## Material provided:
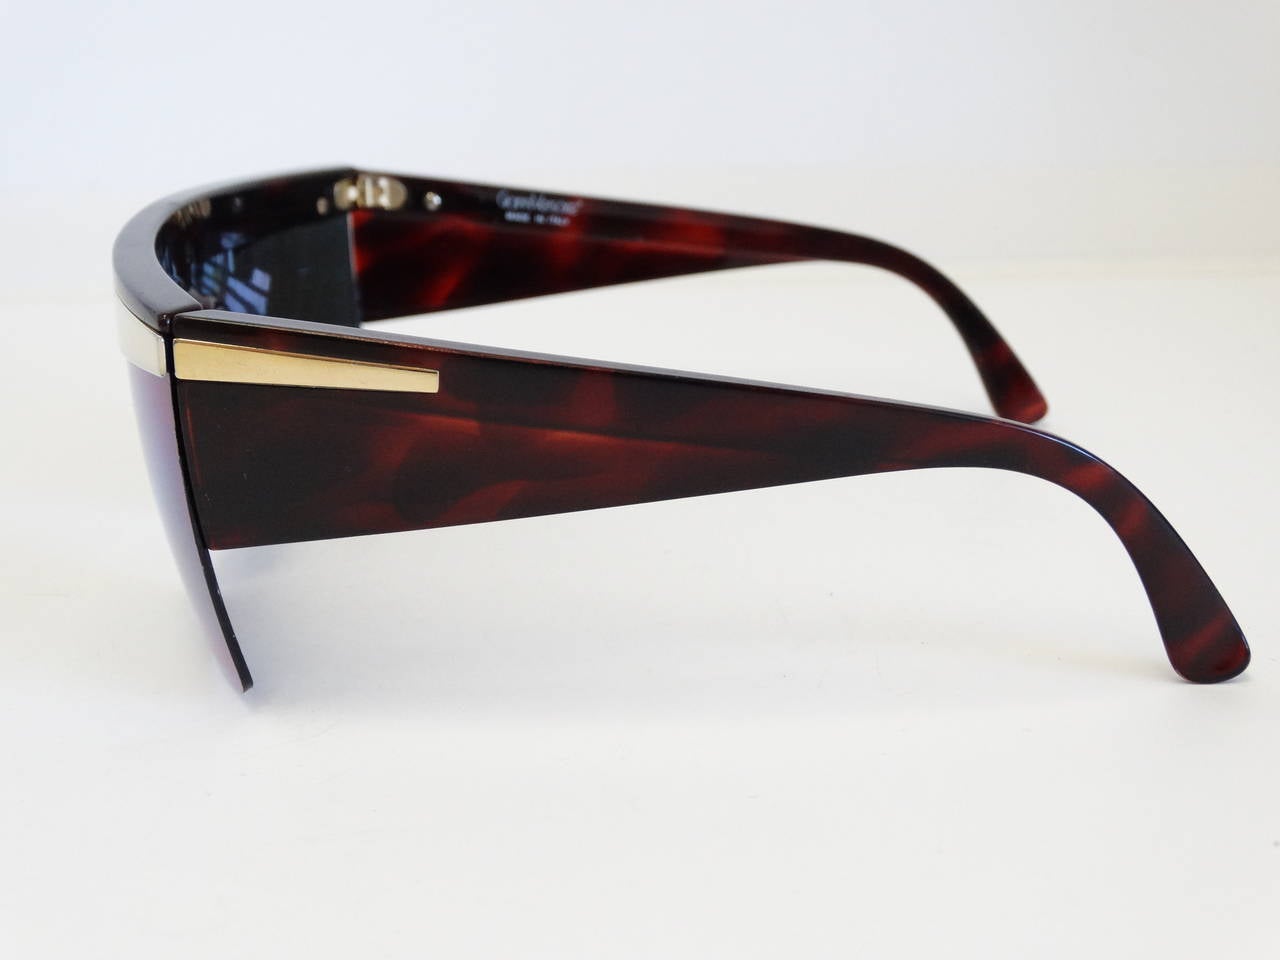 Ultra 80's Gianni Versace Update mirrored sunnies with a fabulous blu tint. Amber brown frames with a gold accent on the front. (small scratch on the front but goes unnoticed) 

LENGTH:	5.31 in. (14 cm)
WIDTH:	5.91 in. (15 cm)

## Aim of the exercise:
Reproduce the whole listing above word for word, but not its pictures.

## Answer box:
 Ultra 80's Gianni Versace Update mirrored sunnies with a fabulous blu tint. Amber brown frames with a gold accent on the front. (small scratch on the front but goes unnoticed) 

LENGTH:	5.31 in. (14 cm)
WIDTH:	5.91 in. (15 cm)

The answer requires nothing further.